Exercise prompt
The full listing is to be returned exactly as given, but without pictures.

=== Given data ===

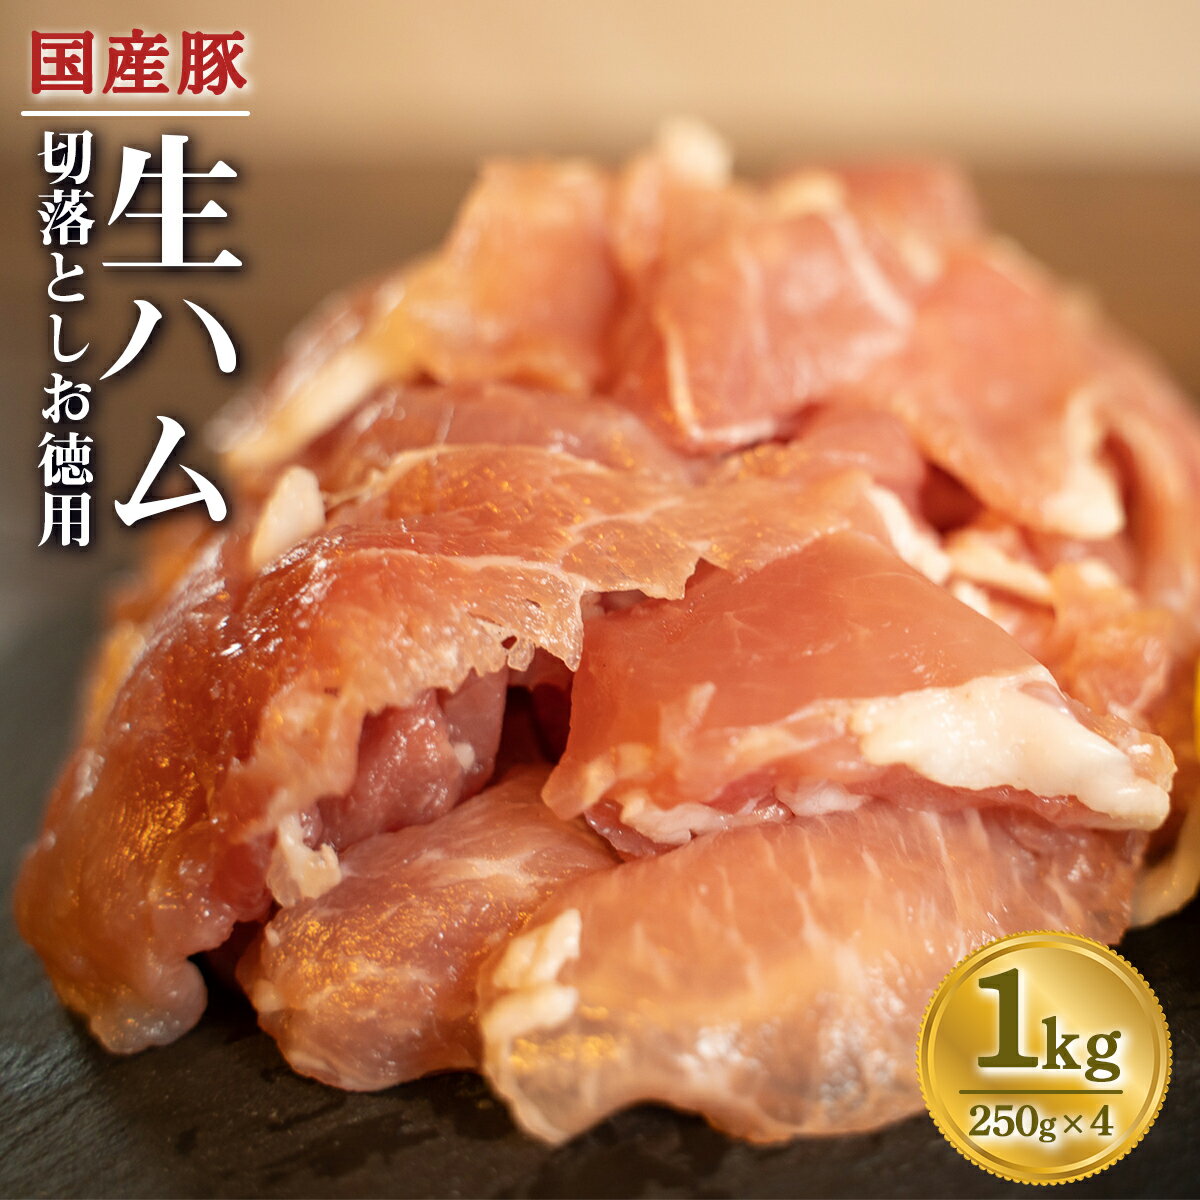 【ふるさと納税】国産 豚 生ハム 切落し1kg 小分け 25
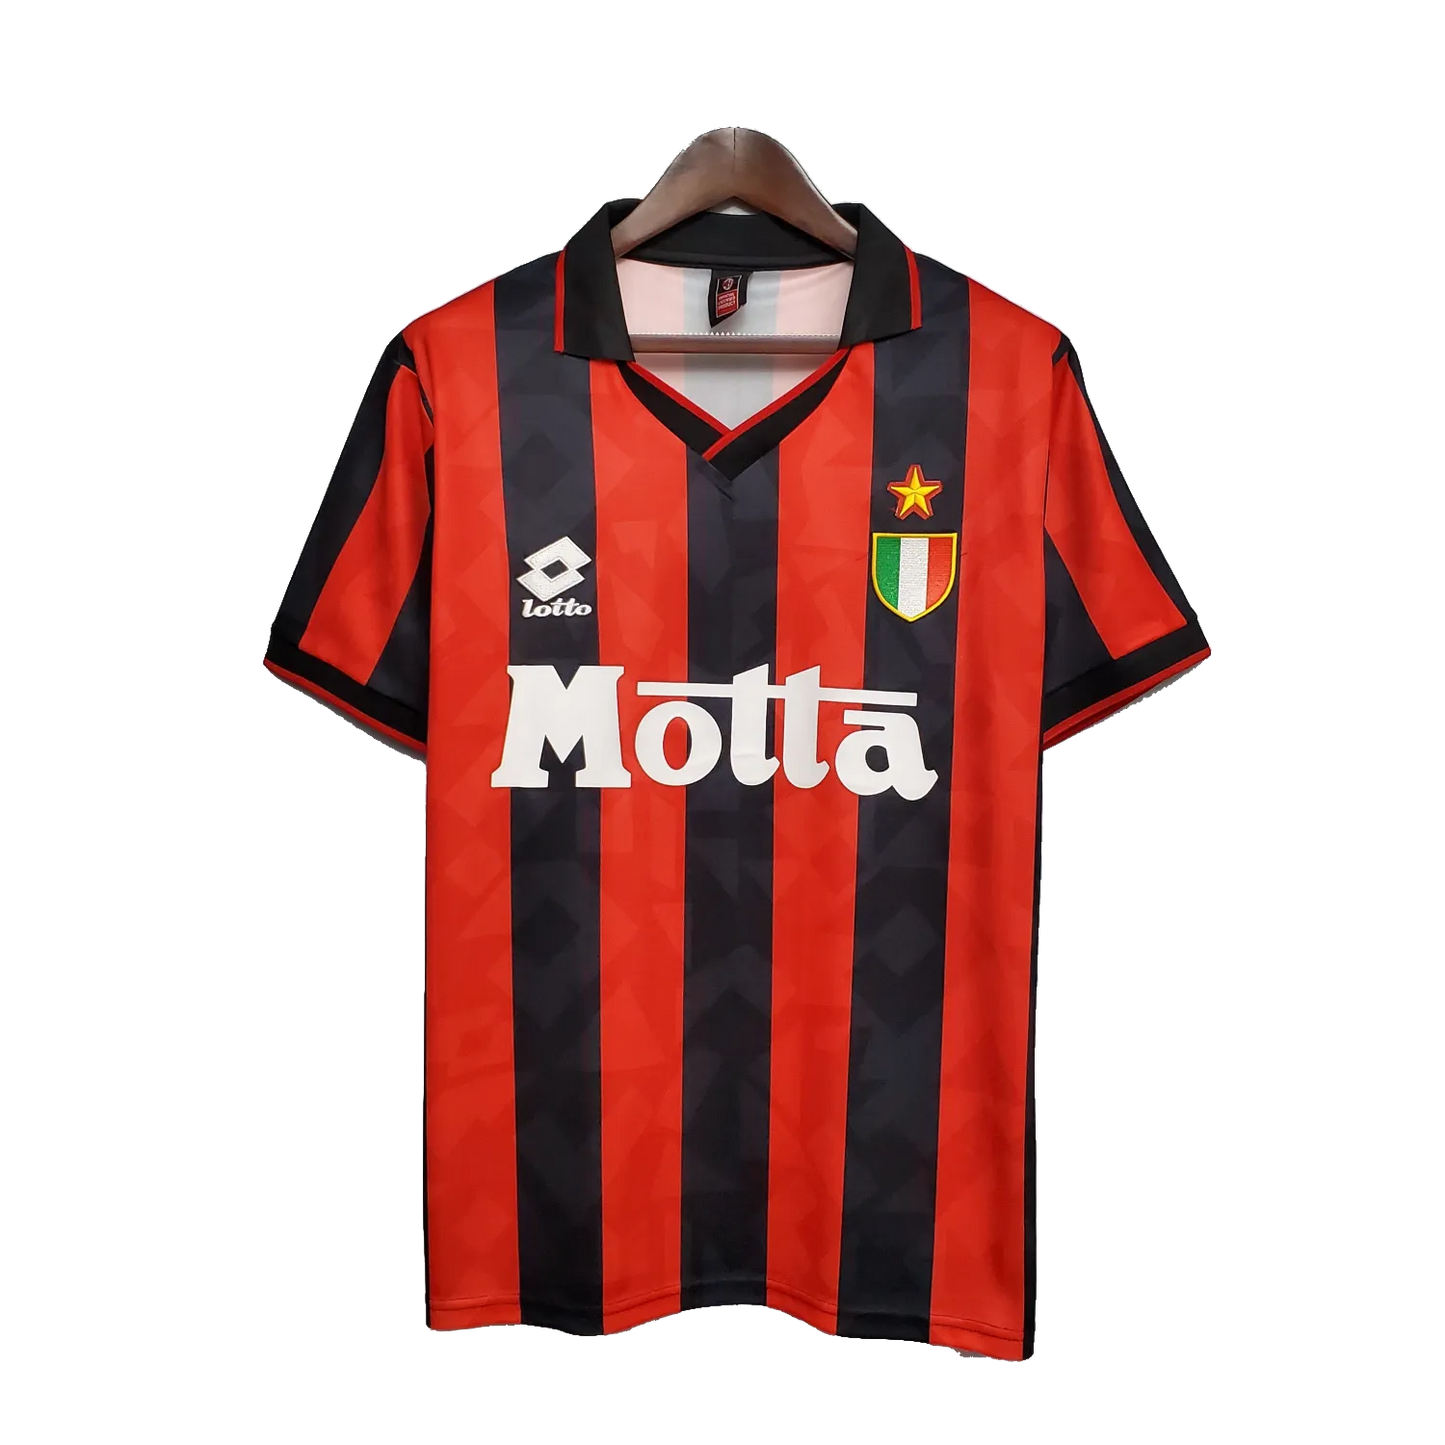 AC Milan Retro Home Jersey 1993/94 Red & Black Men's
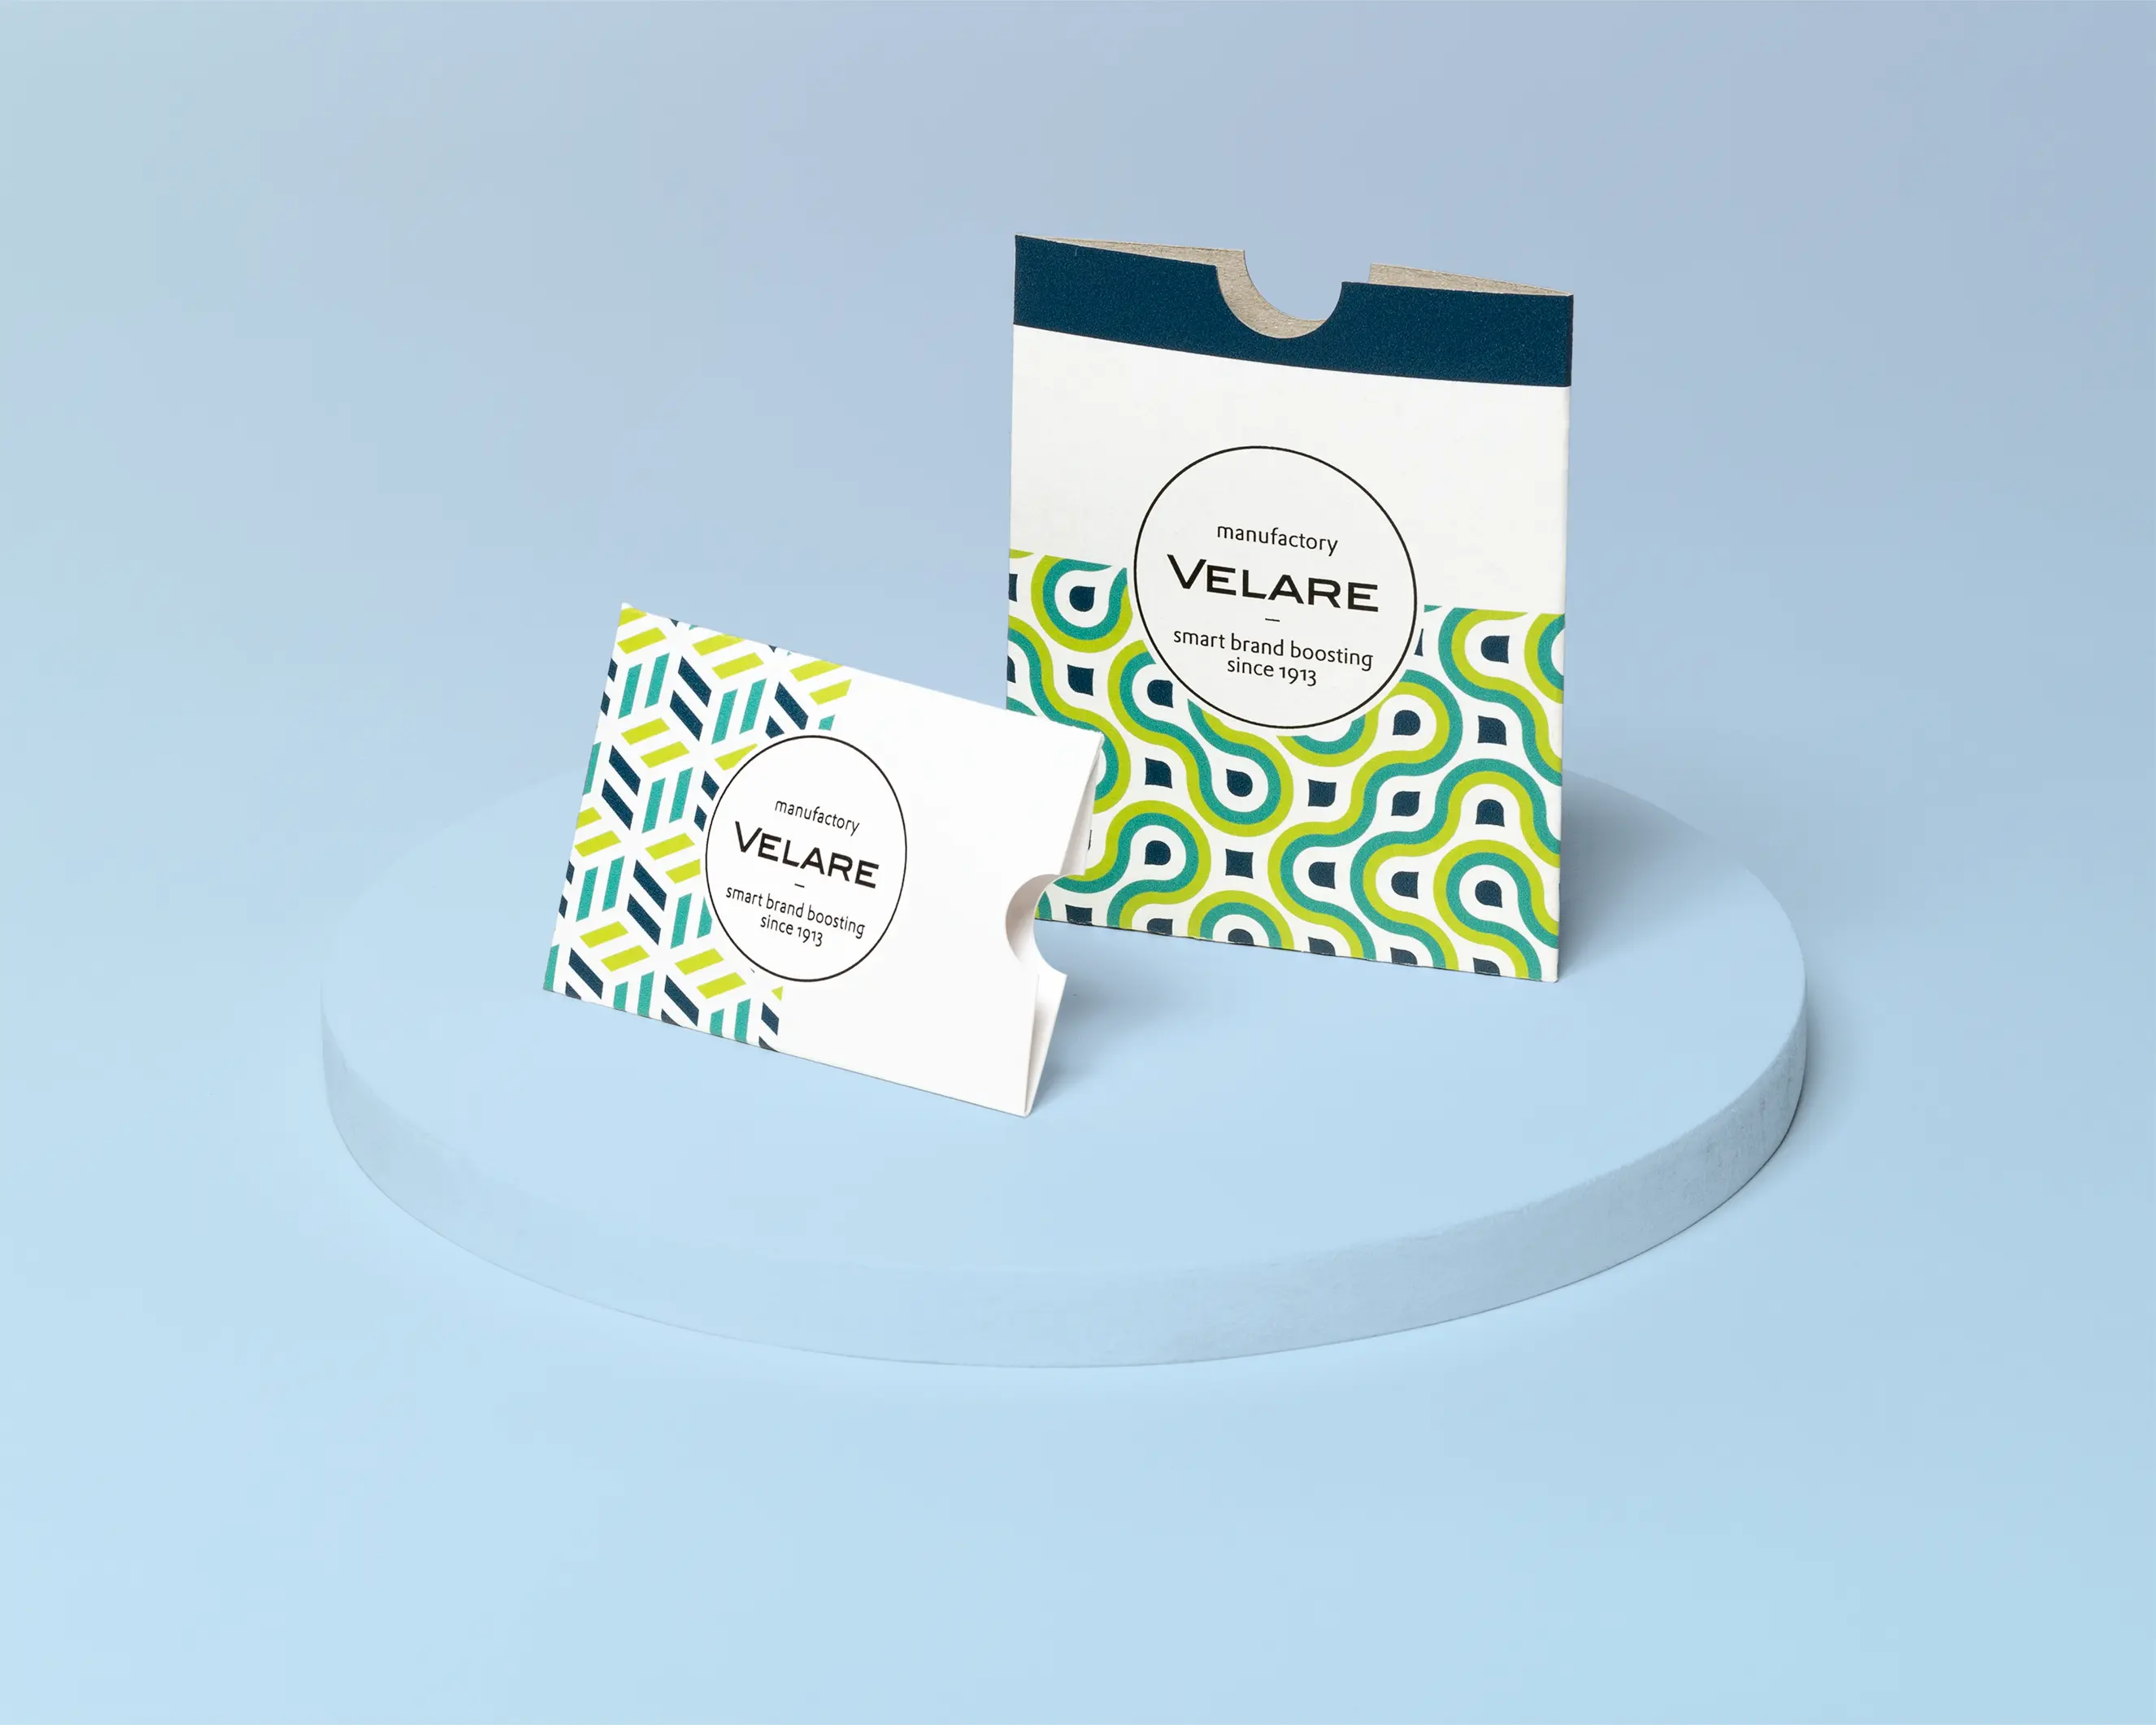 Kartenhülle ohne Verschluss, zwei Verpackungen auf dem Podest, blauer Hintergrund
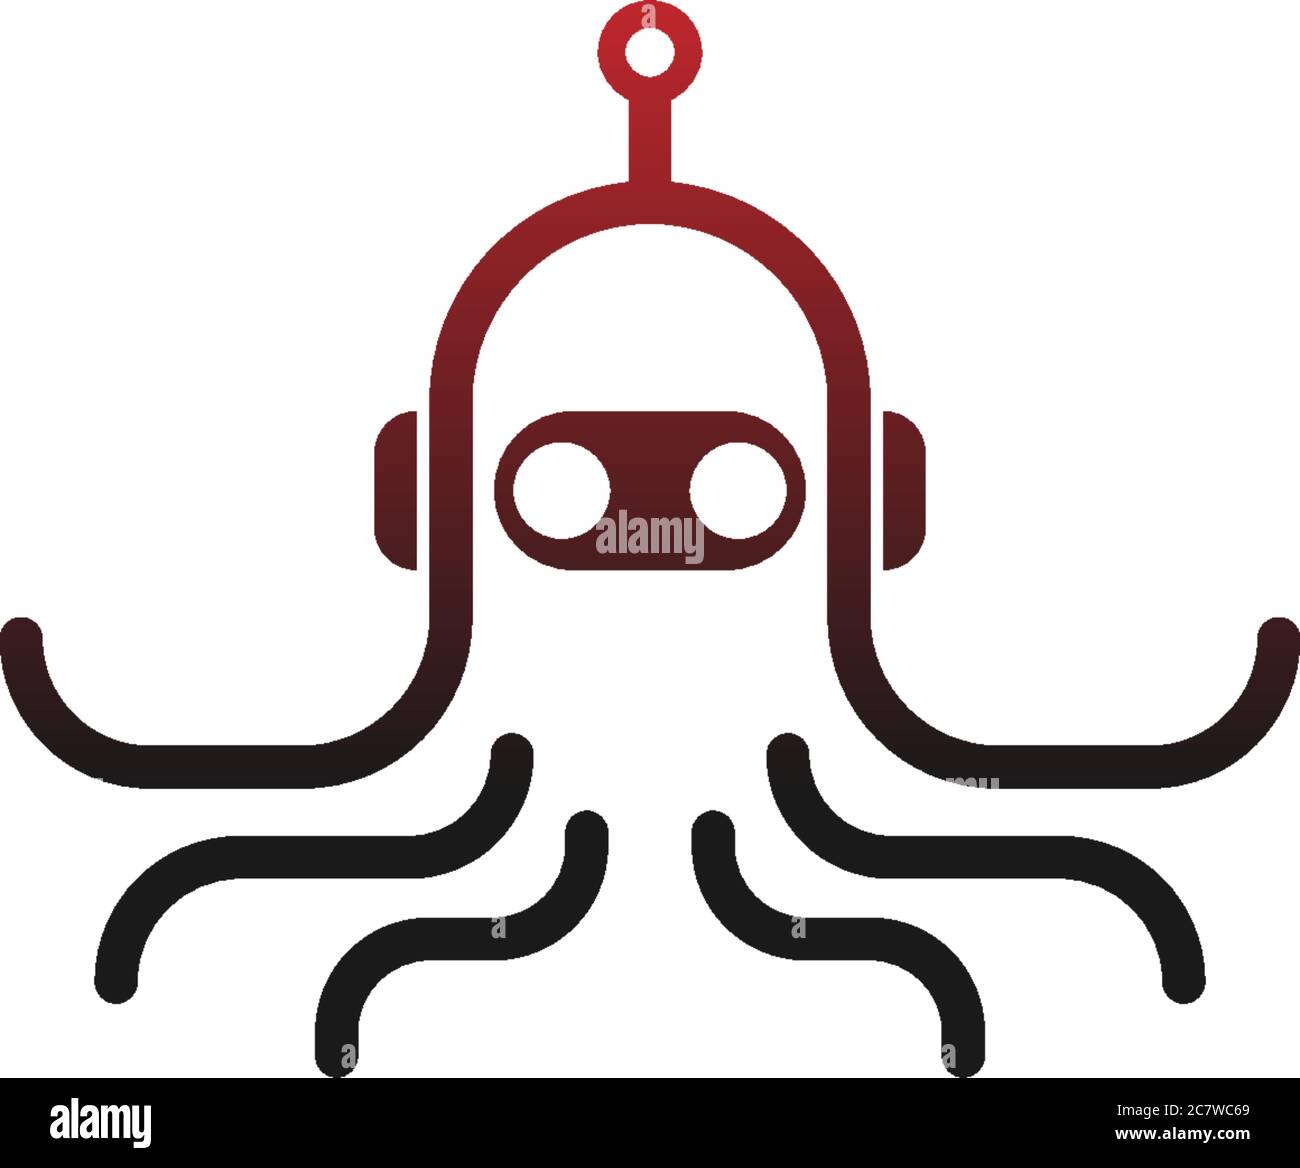 Octopus robot logo icon vector template Stock Vector Image & Art - Alamy

===

Completed task
 【ふるさと納税】国産 豚 生ハム 切落し1kg 小分け 25
 AC Milan Retro Home Jersey 1993/94 Red & Black Men's
 Kartenhülle ohne Verschluss, zwei Verpackungen auf dem Podest, blauer Hintergrund
 Octopus robot logo icon vector template Stock Vector Image & Art - Alamy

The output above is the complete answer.